COLLECTED MATERIAL:

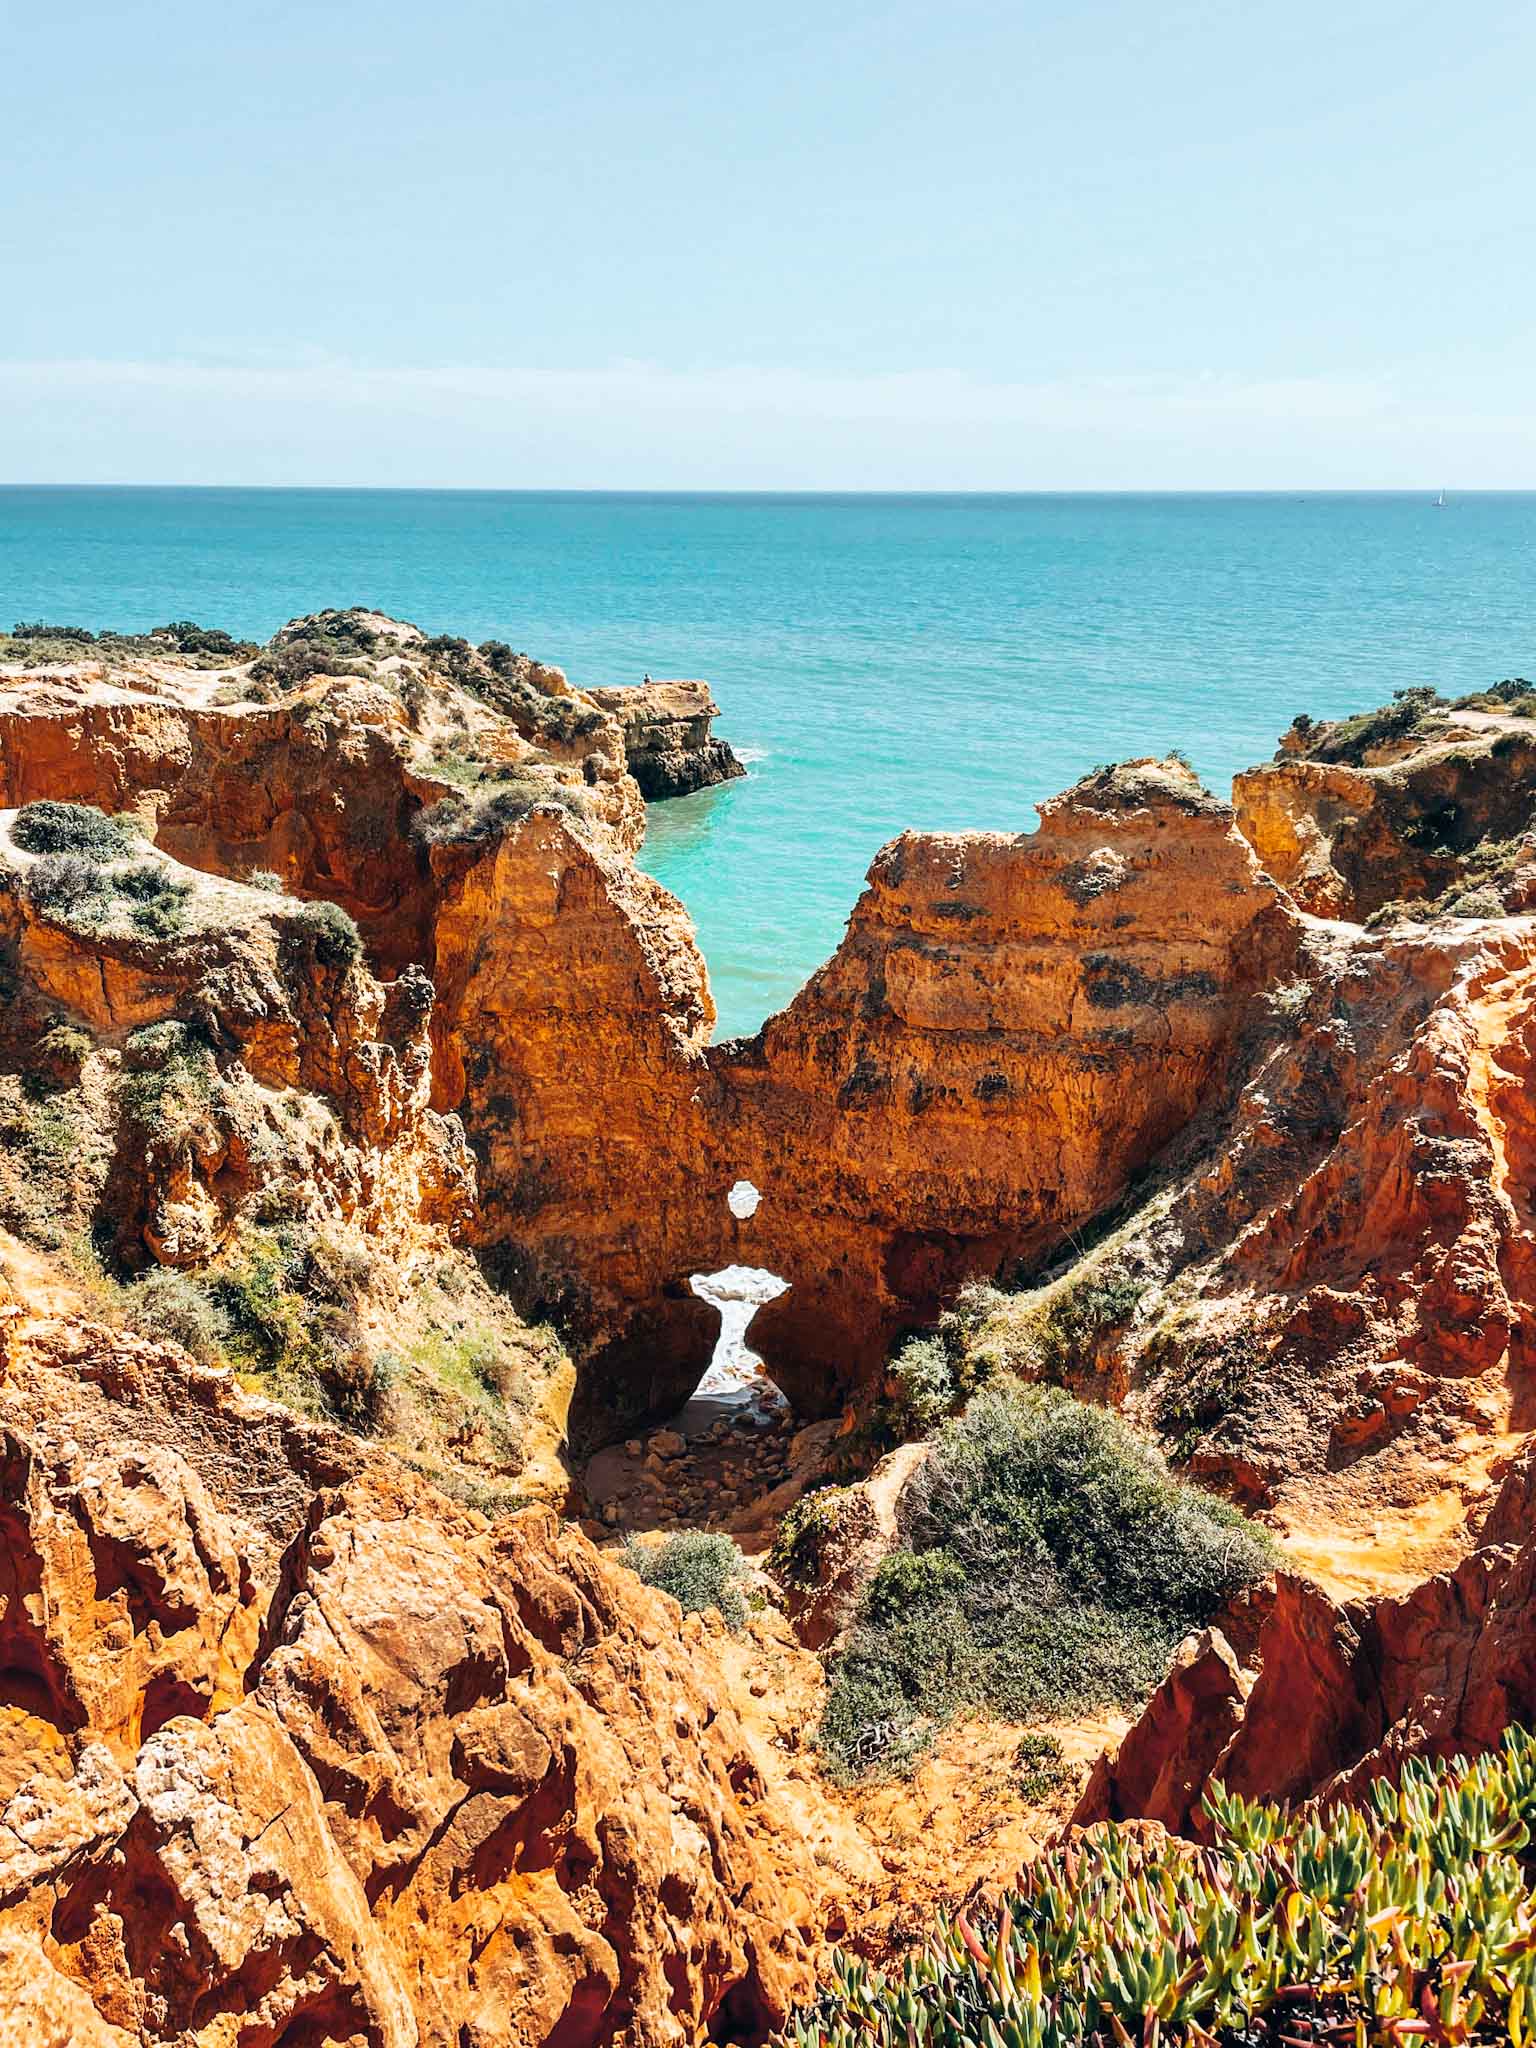 Hidden gems in Algarve - Praia dos Piratas
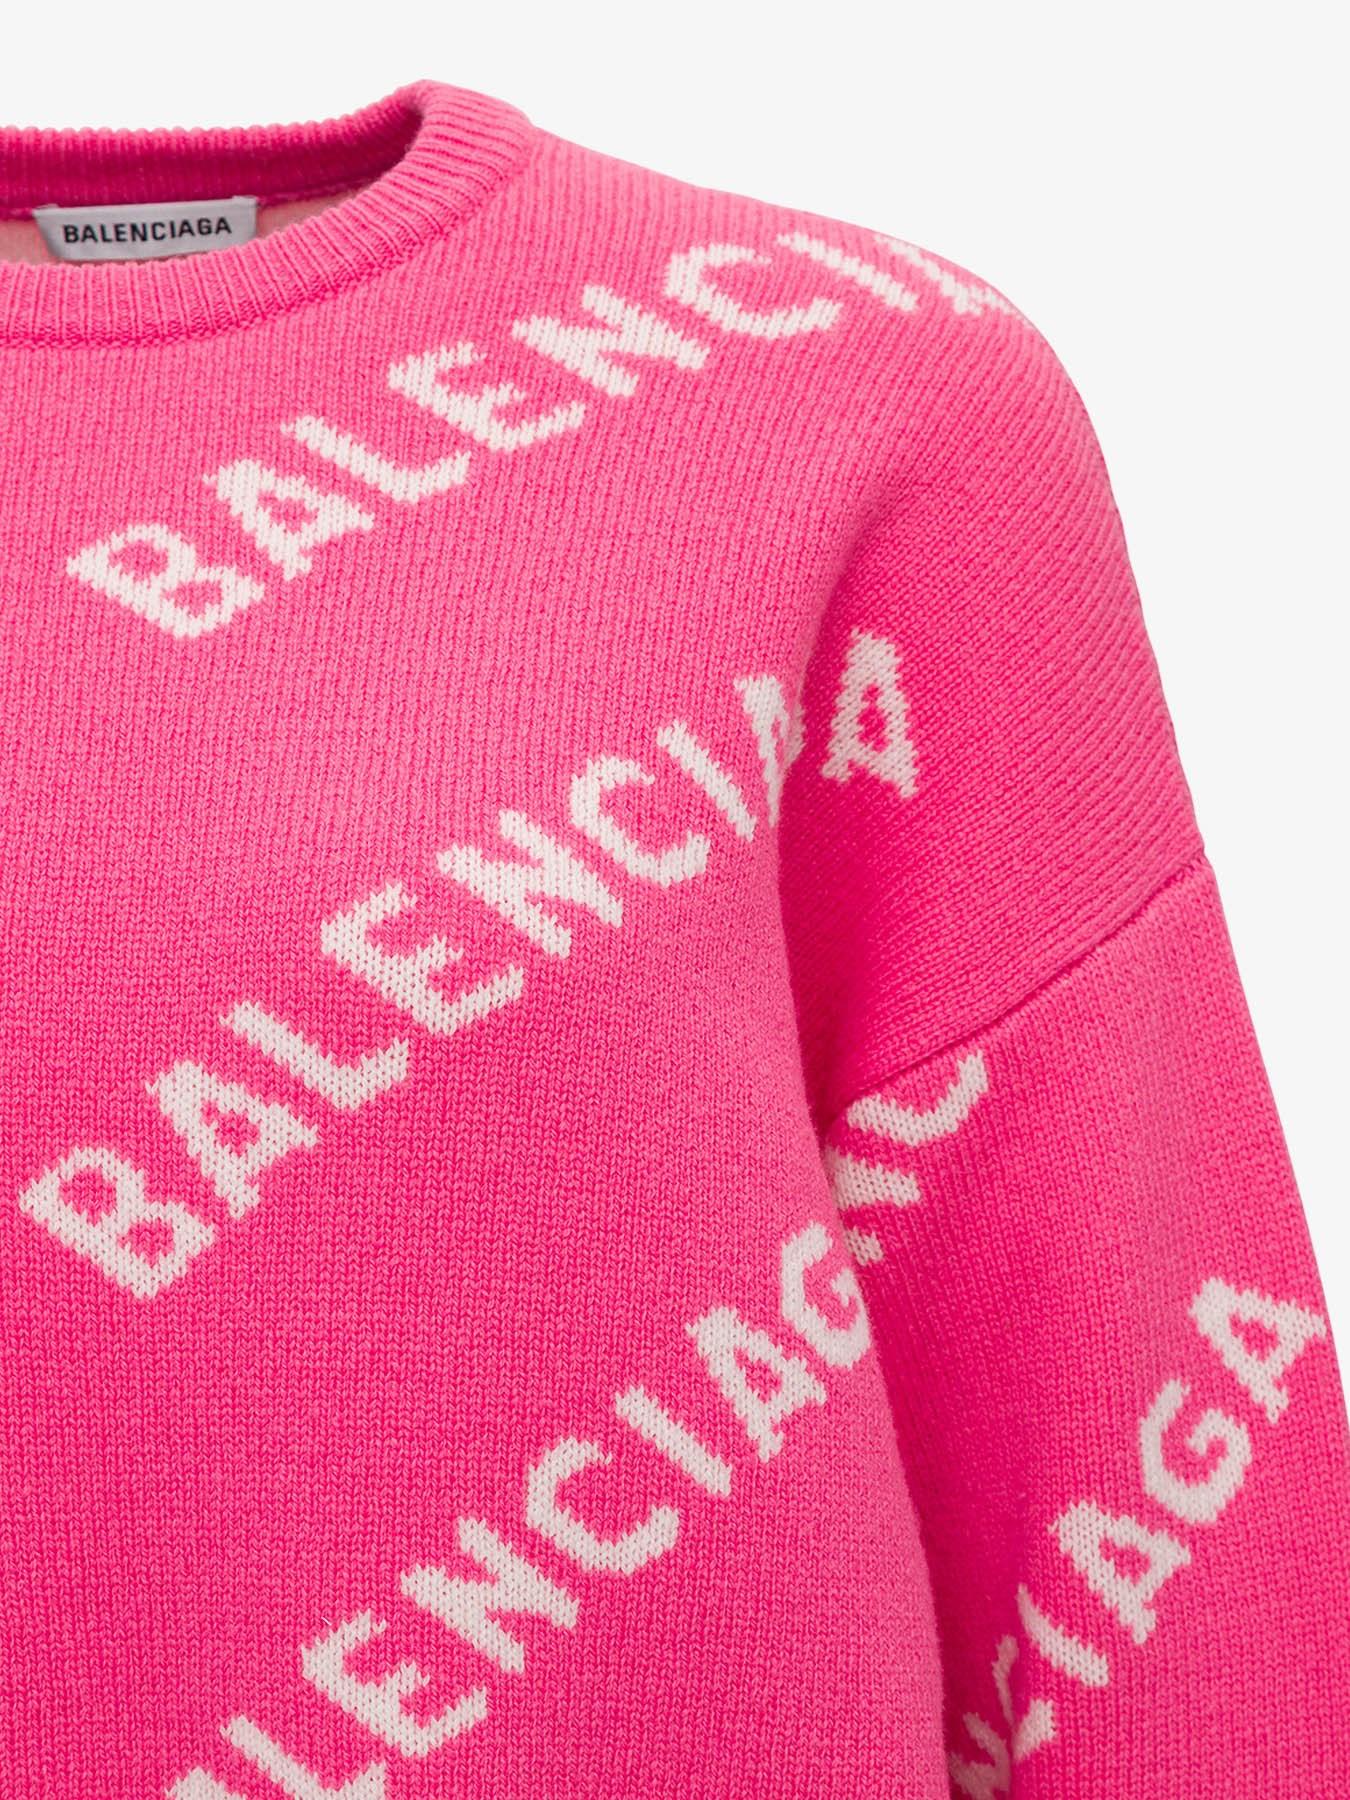 Balenciaga Synthetic Allover Logo Crewneck in Pink/White (Pink) - Save 59%  | Lyst
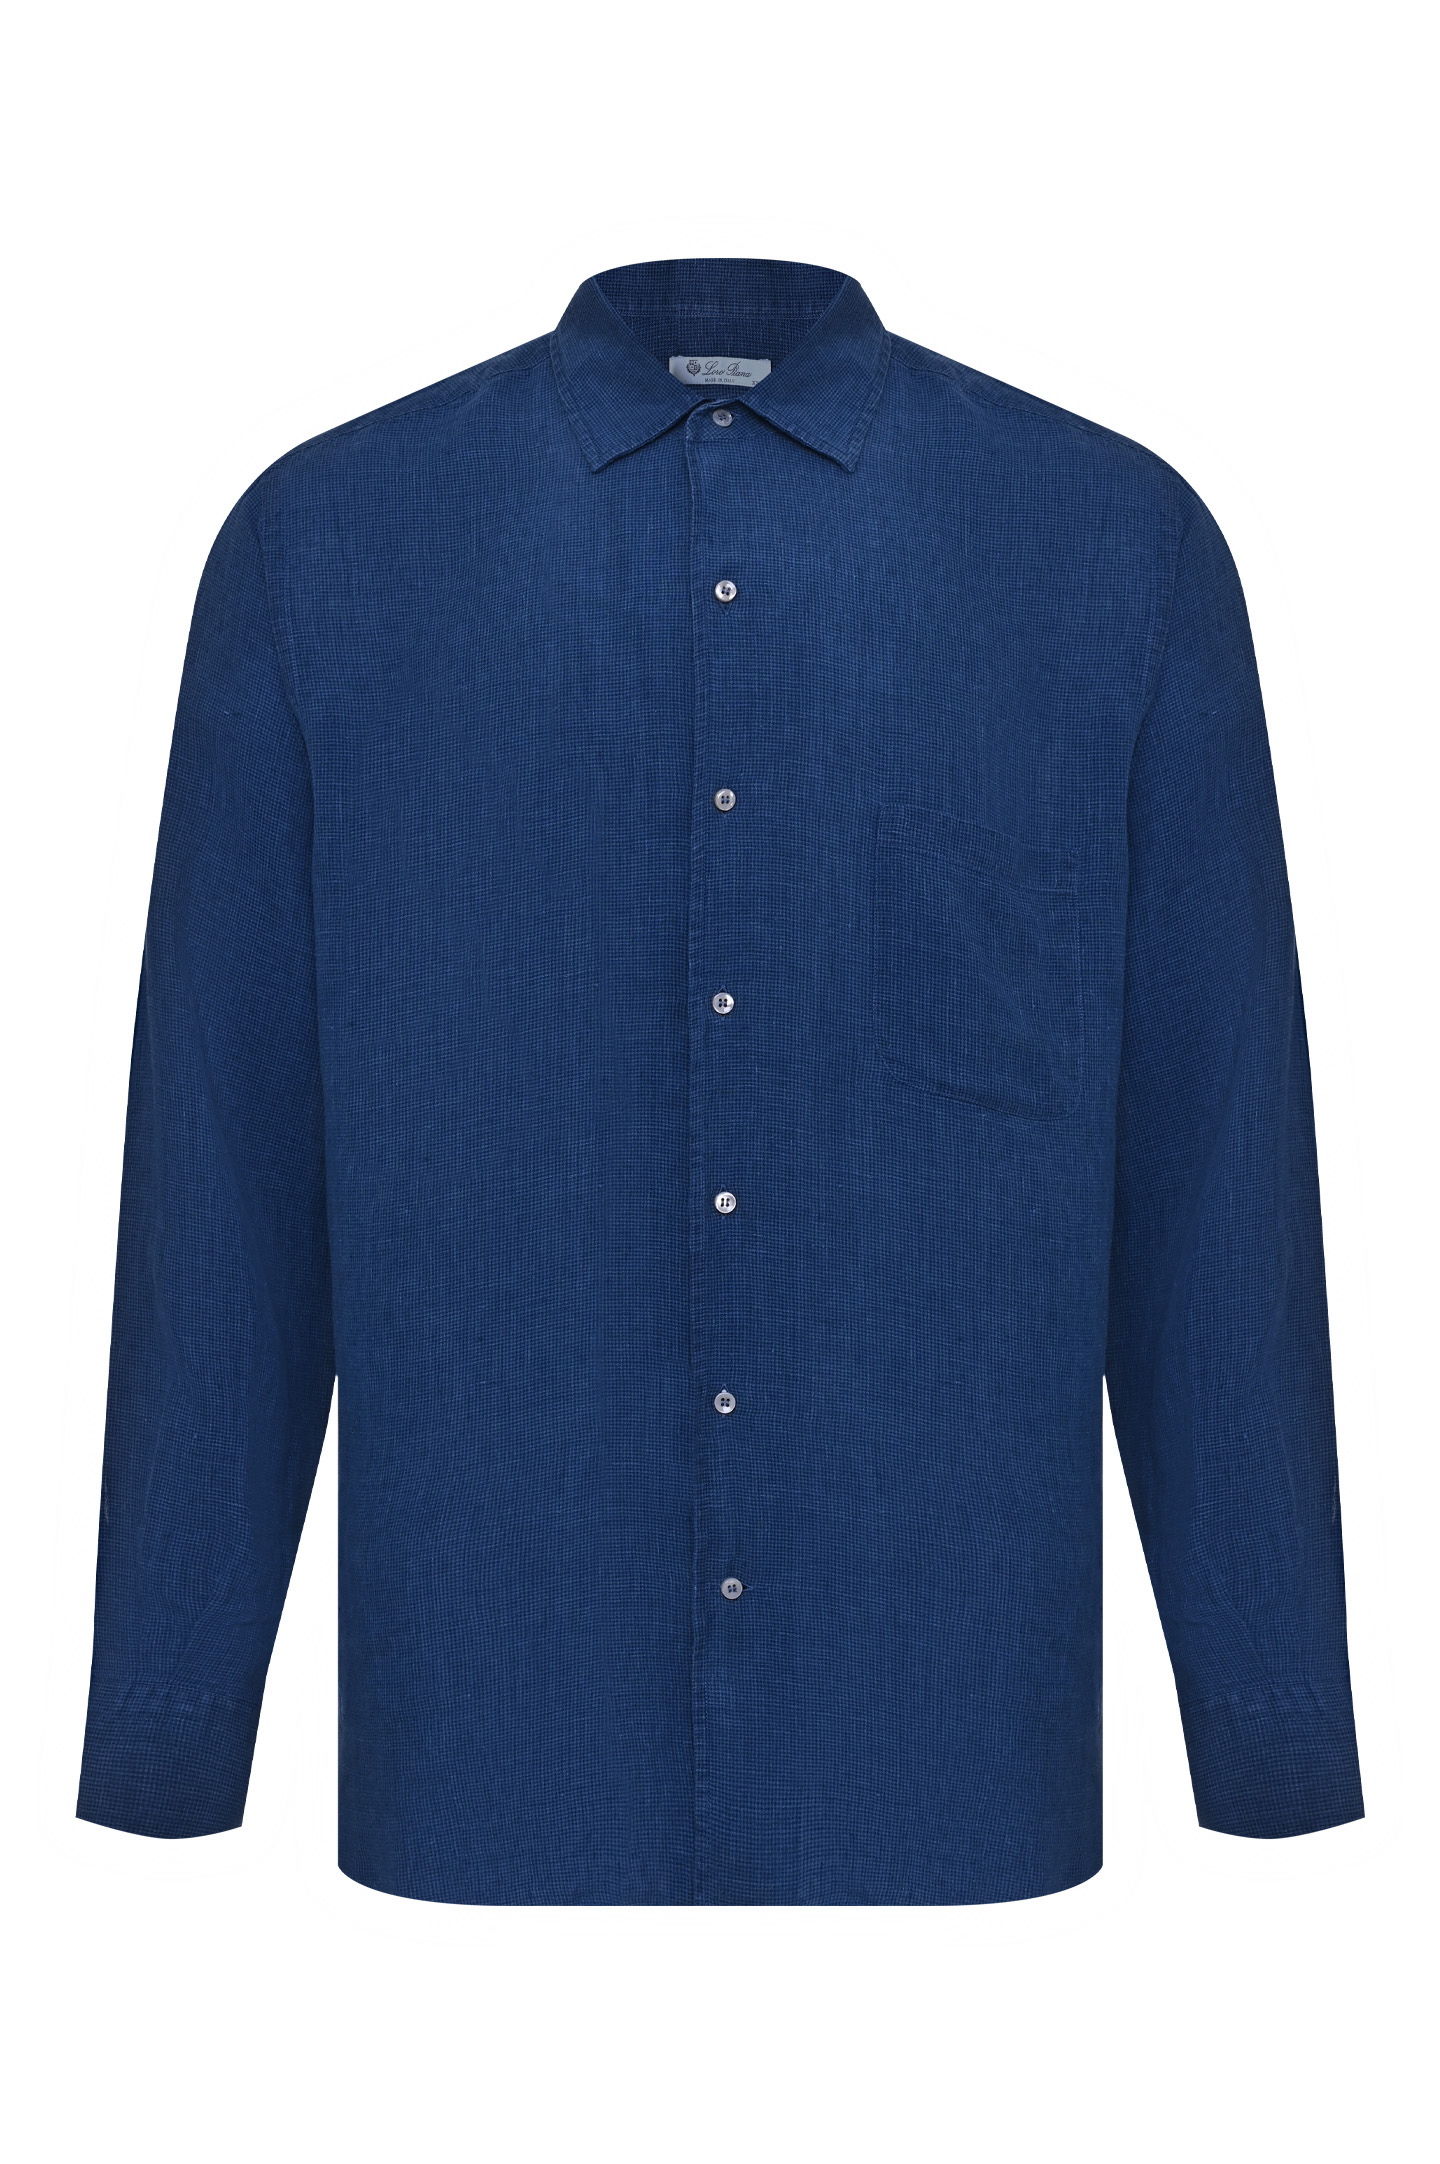 Рубашка LORO PIANA F1-FAM1826, цвет: Синий, Мужской

ACTIVITY: The pictures are not wanted, but every line of the listing should be duplicated exactly.

EXERCISE RESULT:
 Hidden gems in Algarve - Praia dos Piratas
 Balenciaga Synthetic Allover Logo Crewneck in Pink/White (Pink) - Save 59%  | Lyst
 Рубашка LORO PIANA F1-FAM1826, цвет: Синий, Мужской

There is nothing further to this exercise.